In his first point of error, appellant asserts that the trial court erred in determining--after only a partial in camera review--that certain offense reports would not be admissible and that the State need not provide them to appellant under Brady v. Maryland, 373 U.S. 83 (1963).

Under the Due Process Clause, the State has an affirmative duty to disclose evidence in its possession that is favorable to the accused and material either to guilt or punishment. Id. at 87; Harm v. State, 183 S.W.3d 403, 406 (Tex. Crim. App. 2006). Brady evidence includes both exculpatory and impeachment evidence. United States v. Bagley, 473 U.S. 667, 676 (1985). The test for materiality is whether there is a "reasonable probability that, had the evidence been disclosed to the defense, the result of the proceeding would have been different." Ex parte Kimes, 872 S.W.2d 700, 702 (Tex. Crim. App. 1993) (quoting Bagley, 473 U.S. at 676). A reasonable probability is one that is sufficient to undermine confidence in the outcome of the trial. Id. The alleged error is examined in the context of the entire record and overall strength of the State's case. Thomas v. State, 841 S.W.2d 399, 404-05 (Tex. Crim. App. 1992) (citing United States v. Agurs, 427 U.S. 97, 113 (1976)). The burden rests with the defendant to prove the error. Id. at 404 n.7.

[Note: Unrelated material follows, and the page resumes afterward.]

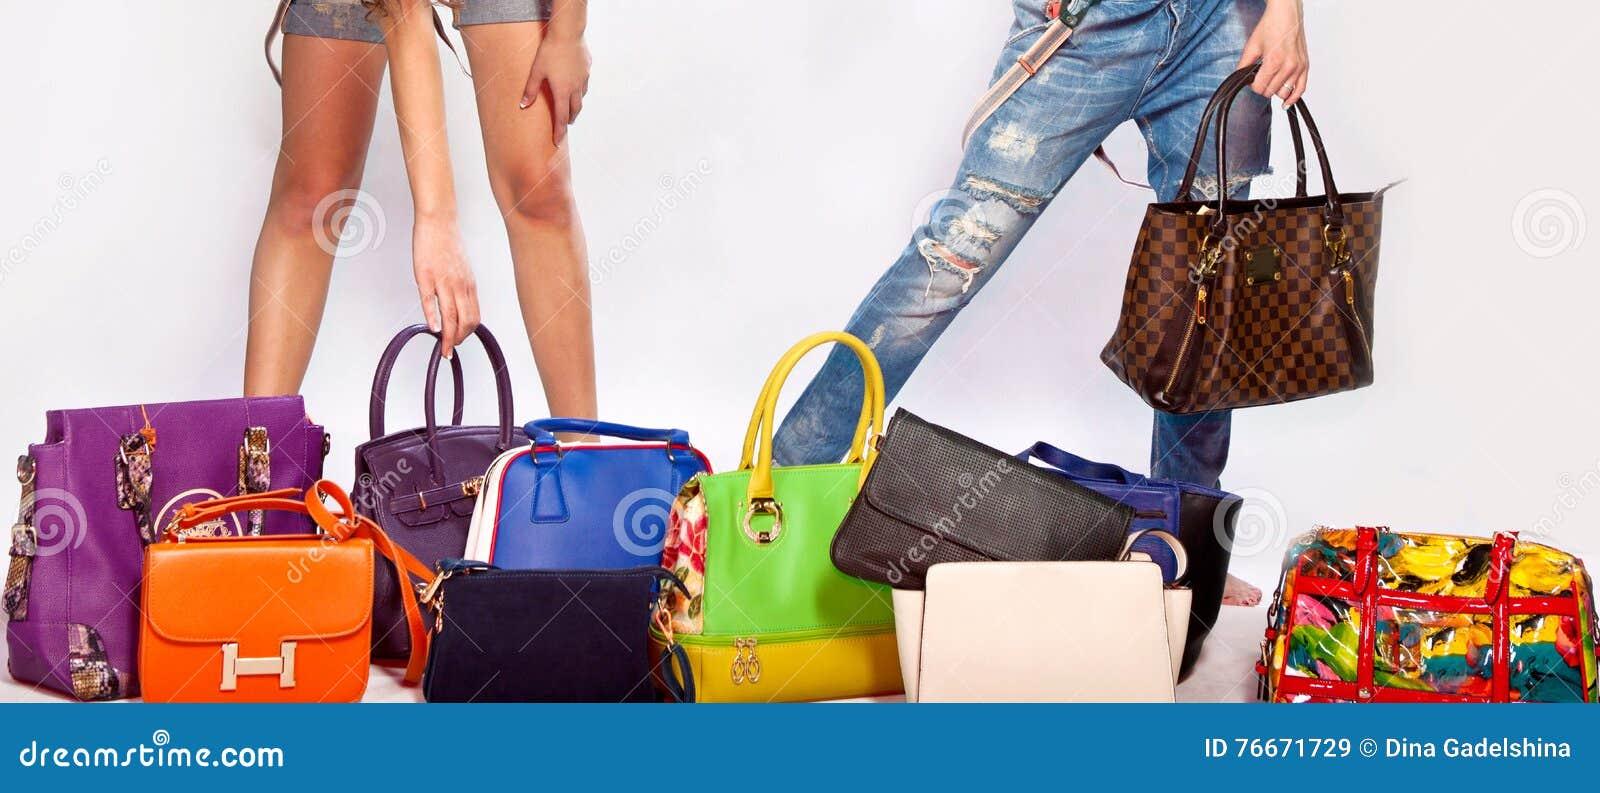 0870b2e8ff Πολύ women  x27 τσάντα δέρματος μόδας του s σε ένα άσπρο υπόβαθρο Women   x27 λεπτά πόδια του s

On the day trial began, appellant filed an ex parte motion requesting an in camera review of certain offense reports that he alleged were Brady material. The judge examined nearly half of the reports during the lunch hour. After his partial in camera review of the offense reports, the trial judge determined that some of the material was Brady material and disclosed the substance of that material to appellant. Specifically, the judge disclosed that, prior to appellant's involvement with Y.C., Chang had been placed under a restraining order for "beating up" Hsu, an incident Y.C. claimed to have witnessed. On a separate occasion, Hsu had attempted to set fire to a couch "because she was frustrated about what was going on in her household." The judge also conveyed that Y.C. had attempted suicide numerous times and had told the police variously that she had a "crush" on appellant but had not had sex with him, that she had a longstanding sexual relationship with appellant starting in 1997 when she was eight years old, and that she and appellant had only kissed on the cheek. The judge found nothing in the reports to indicate that Chang had any sexual interest in Y.C. The judge stated that he would review the remaining offense reports "when I can." The State asserted that it had provided to appellant during discovery "a lot" of the Brady material described by the judge, including Y.C.'s conflicting statements regarding whether she had sex with appellant. Appellant stated that he was specifically seeking any offense reports reflecting family violence by Chang against Y.C. or Hsu and that he had not previously known about the protective order Hsu had received against Chang or that Y.C. had witnessed the incident resulting in the order. Appellant moved for a continuance, and the court took it under advisement. Two days later, at the charge conference, appellant requested a ruling on the motion for a continuance, and the court denied the motion.

Appellant raises two complaints regarding the exclusion of the claimed Brady material. First, appellant contends that the trial judge erred in failing to conduct a full in camera review of the alleged Brady material. Appellant, however, has failed to demonstrate that the trial court did not perform a complete review. While the record shows that a complete review was not accomplished on the first day of trial when appellant filed his motion, there is no indication in the record that the trial judge had not reviewed all of the material when he denied the motion for continuance two days later.